Usually a longbow is the same length as the person that shoots it. few inches here or there wont make a big difference. I'm 194cm tall and my bow is 203.5cm long and it is a pleasure to shoot.
The place where the arrow is launched is in the middle of the bow, the handle will be below the middle point. In a bow there really are up and down.
Making a lighter bow, 20lbs to 30lbs is easier than mid-weight(40-60lbs) or heavy bows(65-100lbs), heavy being the hardest. Old English war bows have been up to 200lbs!!!! If you intend to make a hunting bow, make sure you find out about the laws regarding bow hunting and pull force requirements. In Finland the PFR is 180 Newtons at full pull. That is about 40.5lbs

Start with assessing your pre-dried material, what length of a bow you can get from it, are the grains straight, how it is cut. You really CANNOT take shortcuts with material quality.
Using the parameters you get from the assessment, figure out more details. What kind of handle you can make, which growth ring you'll choose for the back of the bow. Will it be a light or mid-weight bow.
Figure out what is your draw length. Standard is 28". I'm tall so I measured my draw length and it was 30", which is the length I tillered my bow to. 



ROUGH FORMING:
Saw and carve out the the basic design of the bow. Be careful from damaging the growth ring you intend to use as the back of your bow. Be sure to leave extra material on all sides.

FINDING THE BACK:
After rough forming, take your plane and spoke shave and start removing material from the back until you get to the ring just above the growth ring intended for the back. BE DOUBLE EXTRA CAREFUL NOT TO BREAK THE GRAIN ON THE BACK OF THE BOW!!! Once this is done, leave it there. the one extra layer is there to protect the real back from mechanical damage it might take during the process.

BELLY STEP 1:
Clamp the bow belly side up on the work bench and start using your plane on the belly. Try to get the general form of the belly done, but make sure to leave some of extra material. Do not hurry.

TILLERING BEGINS:
Remove the extra layer from the back of the bow, CAREFULLY.
Make notches for the long string on the ends of the stave. Use the little round file to make them so that they run diagonally on both sides, high end on the back side and low end on the belly side. Make them just deep enough to take the tiller-string firmly. Set the bow on the tiller and start your first bend. Very slowly bend it just a little, maybe a quarter of the desired maximum bend. You have to teach the bow to bend during the tillering process. Bending it straight a way to maximum bend will just crack it. At each time you bend it over the course of tillering bend it a little more. Avoid leaving it on the tiller for longer than 15mins. The bow will take some shape due to the tillering. This is normal, as long as it doesn't go all U-turn.

TILLERING:
The purpose of tillering is to control the weight of the bow, pull length and most importantly make sure the bow bends correctly. See the tiller picture on the tools-section for reference.

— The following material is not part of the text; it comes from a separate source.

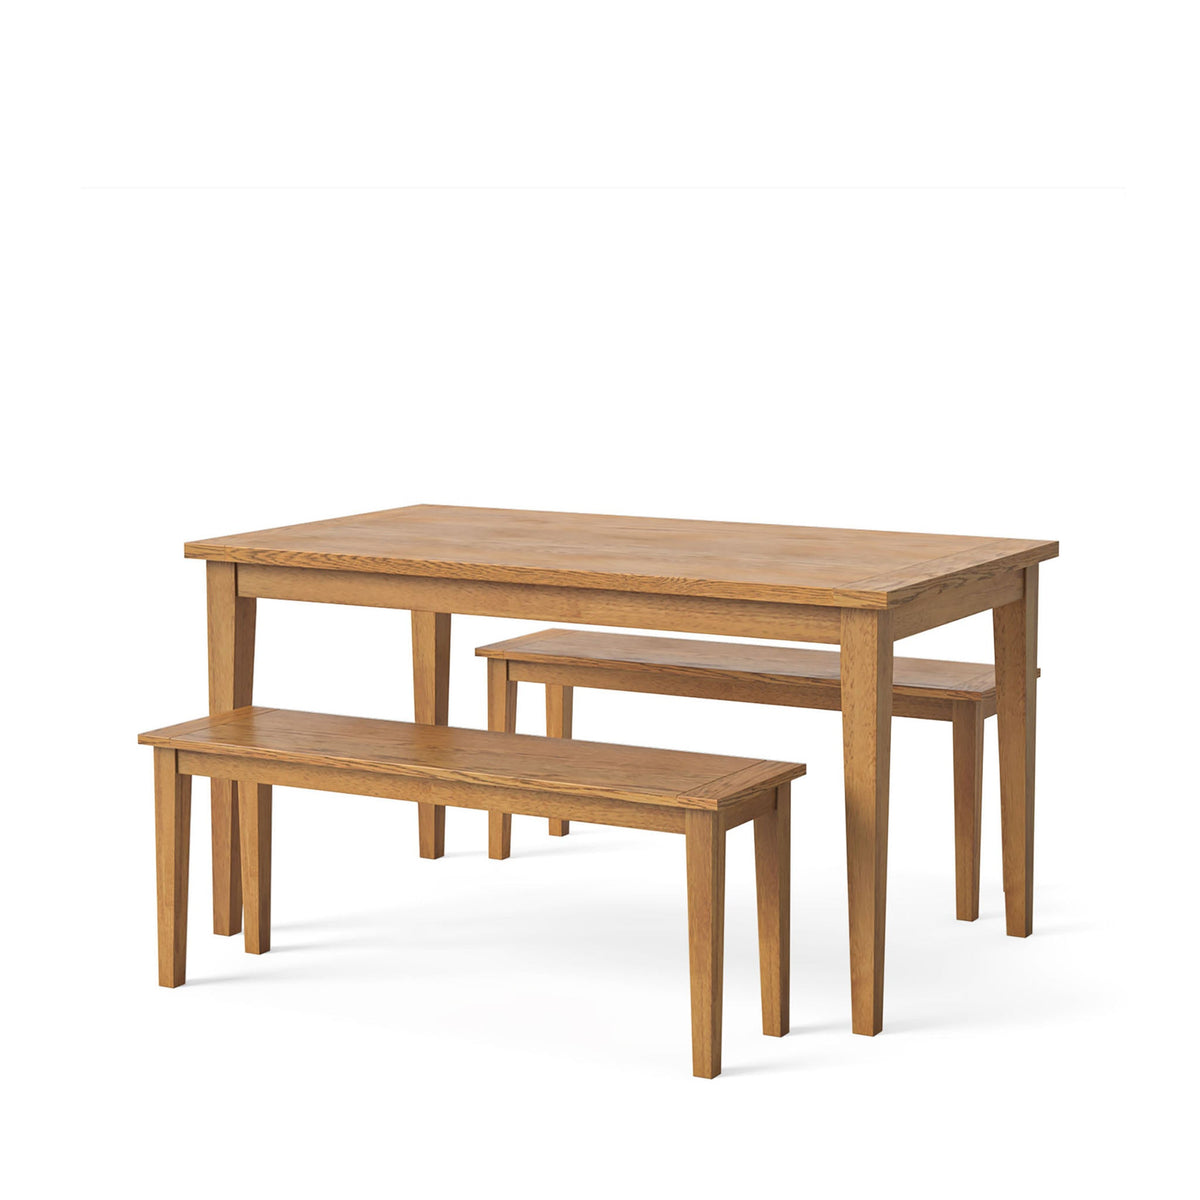 Fran Oak 1.2m Dining Table Set with 2 Wooden Dining Benches

Continue to shape the belly to a D-shape. Remove just a little material each time before setting the bow on the tiller. On the tiller, observe how the bow bends. If there appears to be a stiffer portion, remove some material from there. If some part seems to bend more than the rest, remove material from everywhere but there. Also continuously observe the pull strength of the bow. A fish scale is a good tool for this.
After the bow starts to bend nicely to at least 3/4 of the full bend, switch to the shorter tillering string. This happens around the fifth or sixth bend. Once you get your bow to full pull use removing material as a way of controlling the pull force. Rasps, files and coarse sandpaper are your friends at this stage. Once you are only couple of pounds heavy from the desired weight, STOP. The bow will lose some weight with the finishing and over time in use.

FINISHING:
NOTE: The bow doesn't like wet. No water sanding. Only dry sandpaper or similar is a go.

Finish the bow by sanding it smooth, CAREFUL not to take too much material off! Just remove scrapes there still might be. Be *TRIPLE EXTRA CAREFUL* with the back.
With the sanding/polishing you can go all the way to 2000grit. When finishing the back, the Old English used to use a smooth piece of glass for final "grind". I used a 2000grit dry sandpaper.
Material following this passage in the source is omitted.